Perl Turns 25
Several readers sent word that the Perl programming language turned 25 today. In his commemorative post at the Perl Foundation's website, mdk wrote,
"So what does the future hold for Perl? Well I don't have a crystal ball but I cannot see the language fading from usage in the next quarter century, the truth of the matter is that even though there are languages that can do some of the things that Perl does, some of them do some things better, others do things Perl wasn't designed for, there is no language that has been designed to do the things that Perl is very good at doing. No language in the current scripting languages seems to have the flexibility, maturity and extensibility of Perl. The main power of Perl has always been its ability to quickly adapt, and be adapted, to suit purposes. ... The greatest challenges we will face for Perl is a shifting end-user base that will become more reliant on devices that are feature focused but crippled in application choice, the rise in mobile devices will continue and Perl will need to evolve to work with that. A better challenge for us to face would be the integration with electronically aware, and connected devices and systems, the apocryphal internet of things, in this Perl could be a powerful tool. I also believe that the more we see a divergence of language uses in the other scripting languages the more they will face issues in their core designs, issues that Perl avoids due to its malleable nature, what some believe is the crippling factor for Perl is likely to be its saving grace as it has the power and flexibility to cope with the shifting goalposts of an increasingly technologically reliant world."

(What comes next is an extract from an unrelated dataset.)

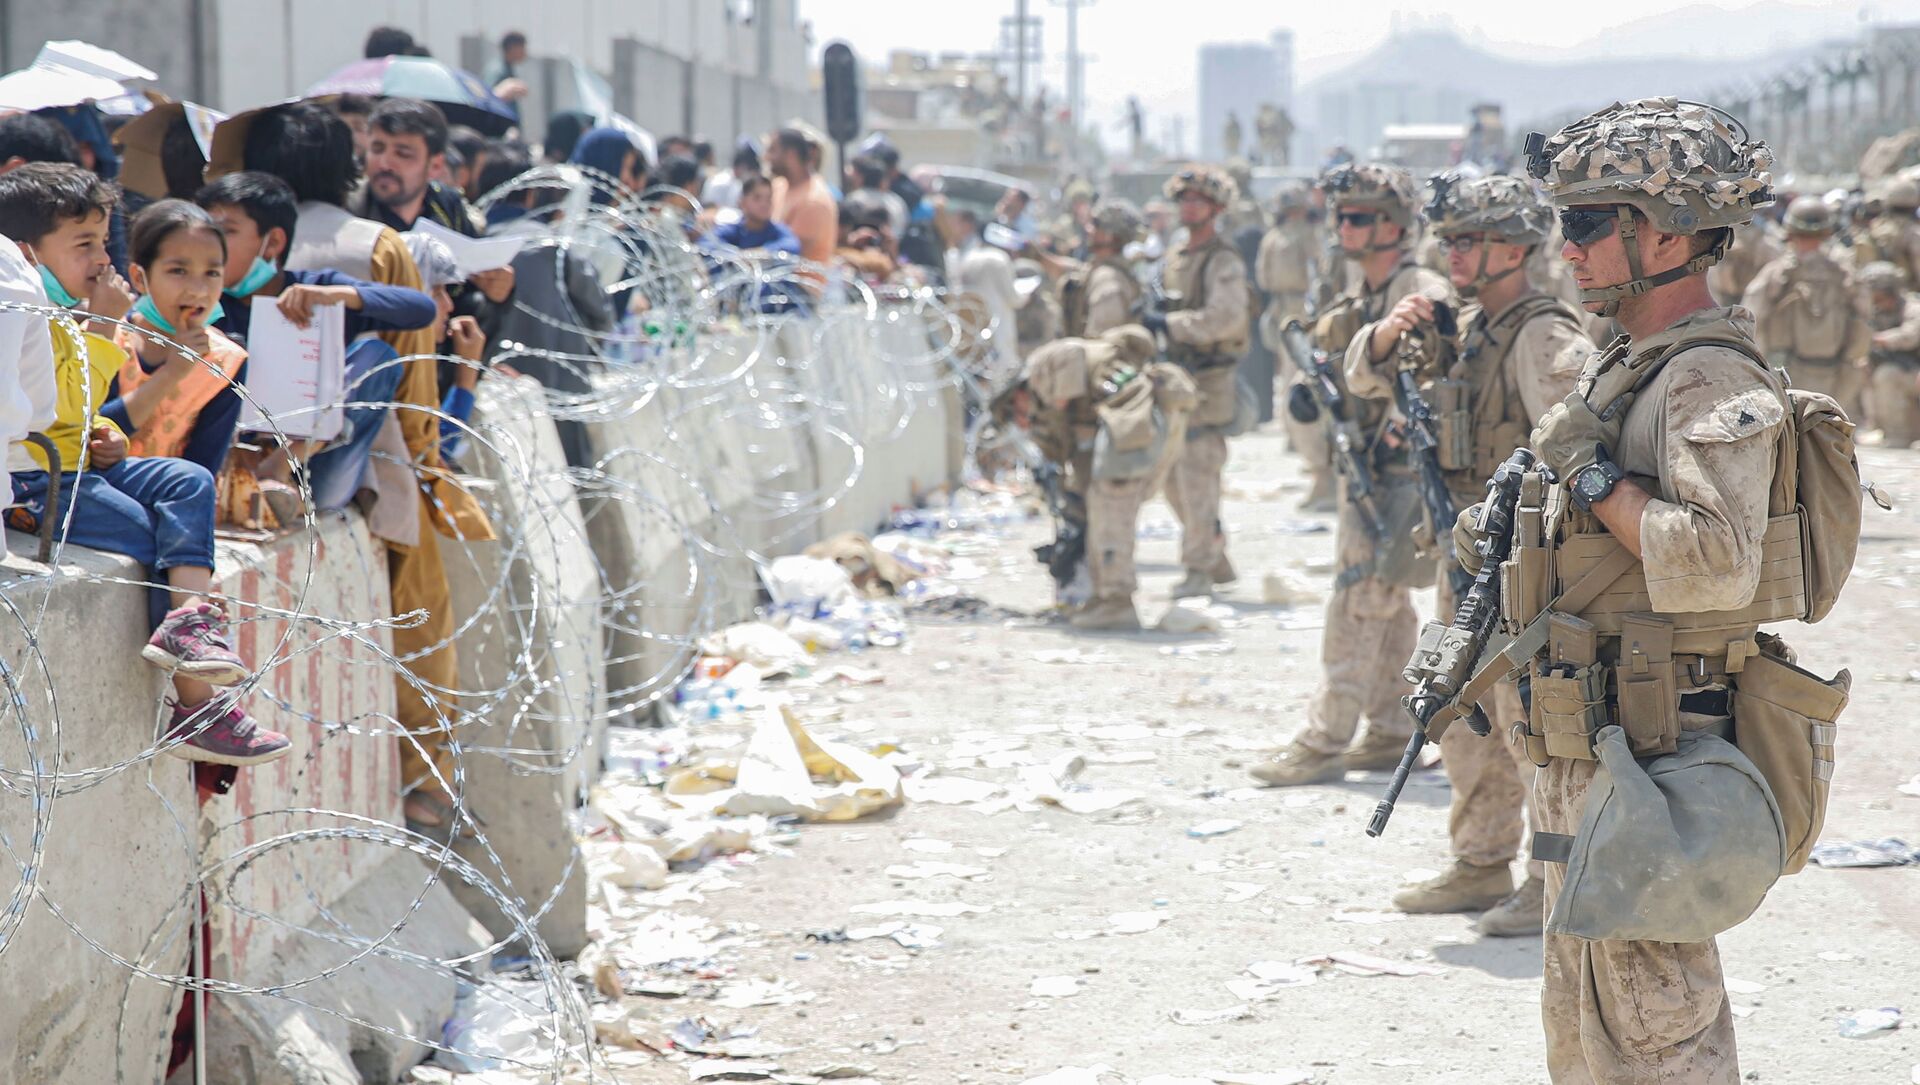 U.S. Marines with Special Purpose Marine Air-Ground Task Force - Crisis Response - Central Command, provide assistance during an evacuation at Hamid Karzai International Airport, in Kabul, Afghanistan, August 20, 2021. - Sputnik International, 1920, 21.08.2021

I recently became a fan of perl as my goals changed towards things it excels at - sticking together big other functionalities easily.
Why guess when you can know? Measure!
...And is sexier than ever.
If you want news from today, you have to come back tomorrow.

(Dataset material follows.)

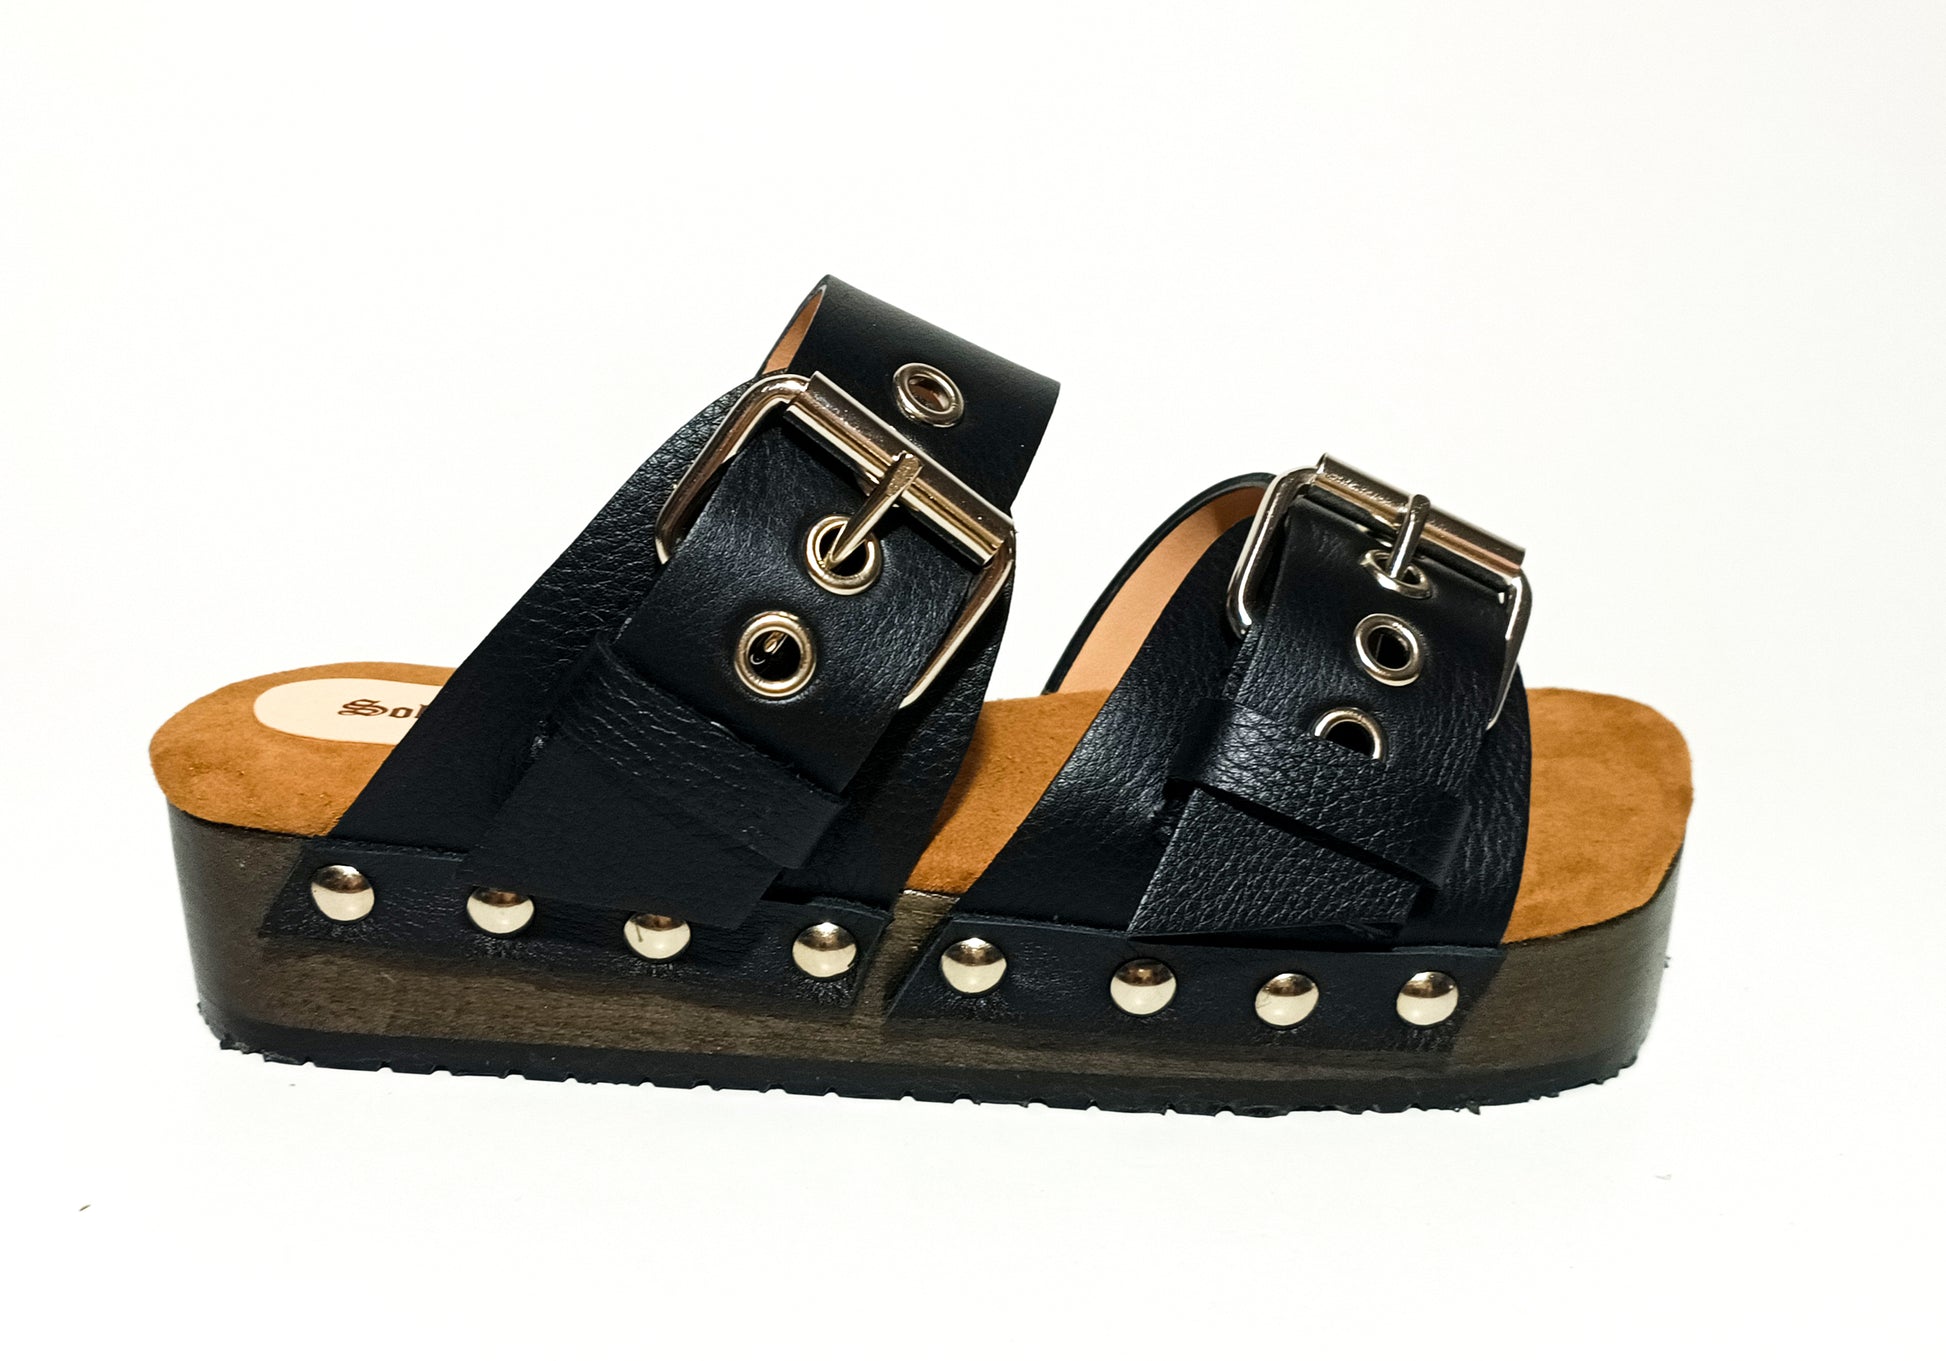 Leather clog sandal with buckles. Clog sandals with buckles and wooden wedge. Women's leather sandals birkenstock style. Sizes 34 to 47. High quality handmade leather shoes by sol Caleyo. Sustainable fashion.

I wrote an app in Perl once. It was the only language that I could get to reliably connect to MSSQL from Linux.
It was fun to write, but I go back and look at the code now and it looks like Greek.

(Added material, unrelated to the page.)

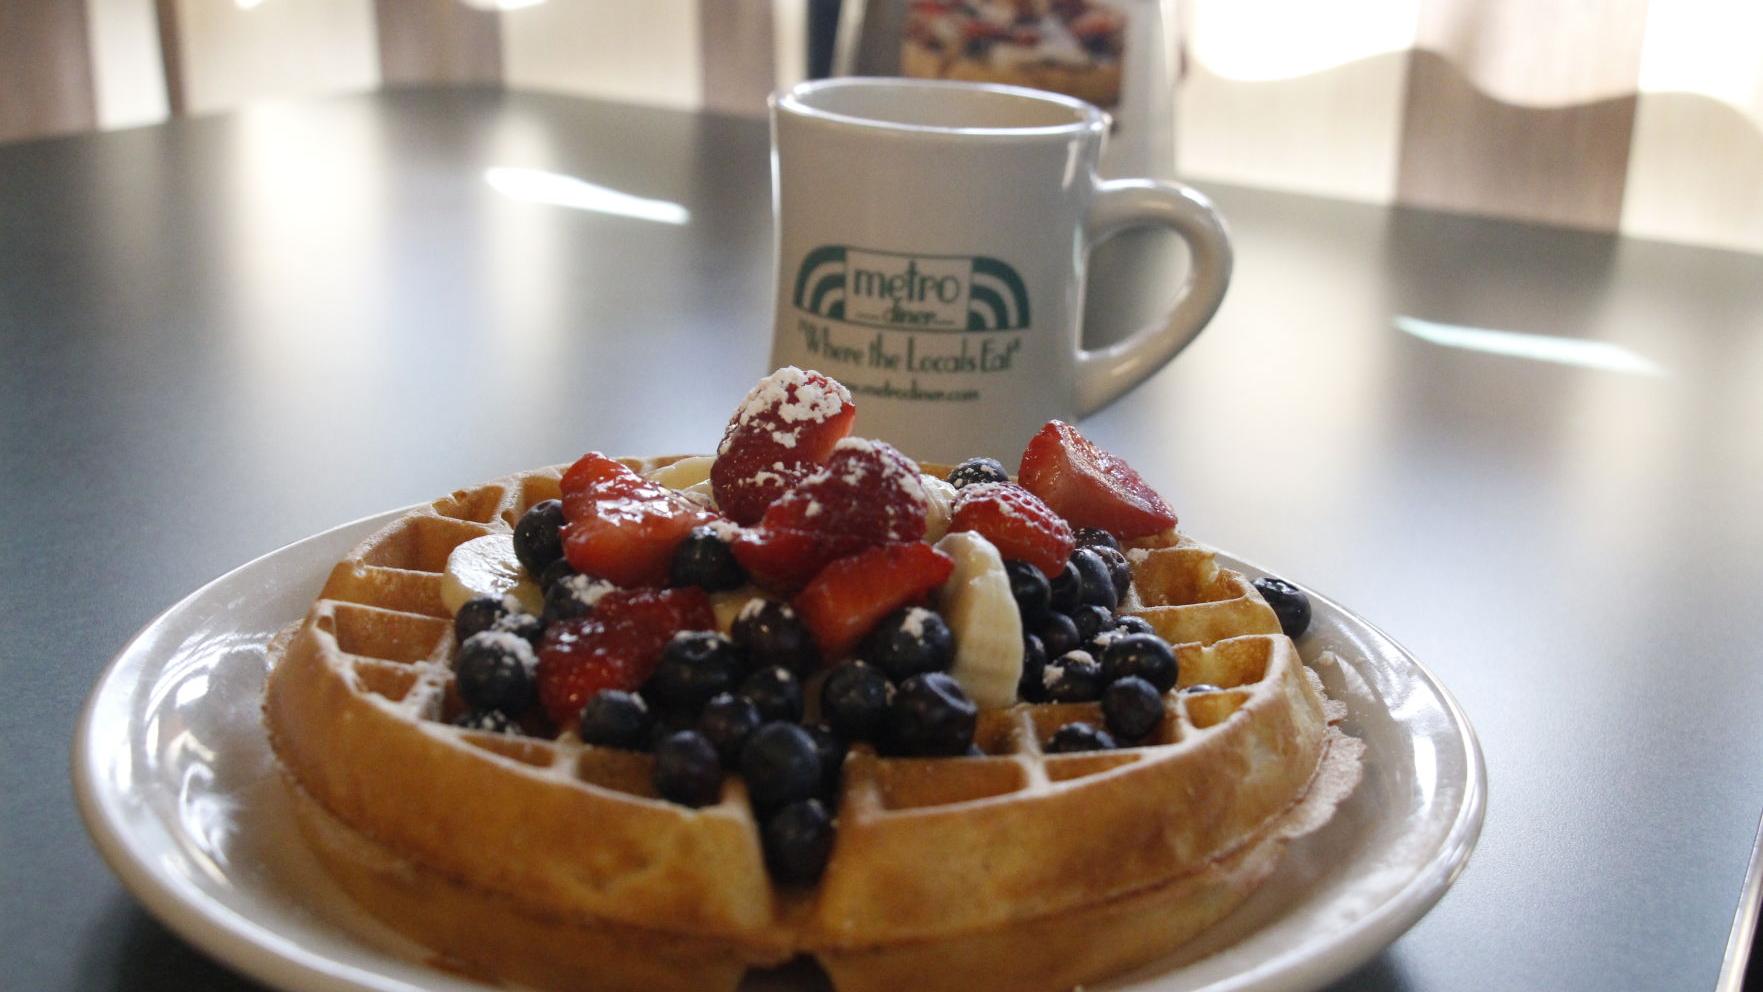 Waffles with blueberries, strawberries and bananas. ThEre is also a mug in the behind

On the upside it's been running for over 5 years and having no problems at all.
Perl is write-only in the hands of stupid hacks. Oh wait, that's any language.
How much of readability is the fault of the language vs the developer? Cut-n-paste coding is the bane of any language.
As a perl programmer, I sometimes ask, what can python or ruby do that perl can't?
MVC web framework like Rails or Django? Catalyst, Mojolicious, etc. PSGI has taken a lot of pain out of deployment of apps.
Good, modern object system? Moose.
GUI stuff? There's Wx and Qt interfaces.
OK, embedding C looks much easier in python, but I've never needed that.
If all the CPAN stuff would just work with other languages, I'd be more willing to switch. Javascript seems to be where all the web stuff is heading anyway.
A friend was editing a perl program when his cat walked across the keyboard. It took him a while to figure out which parts were written by the cat. That's when I decided to avoid perl.
Your friend should look into revision control software and possibly getting the cat his own terminal. This way the cat's contributions can be easily tracked.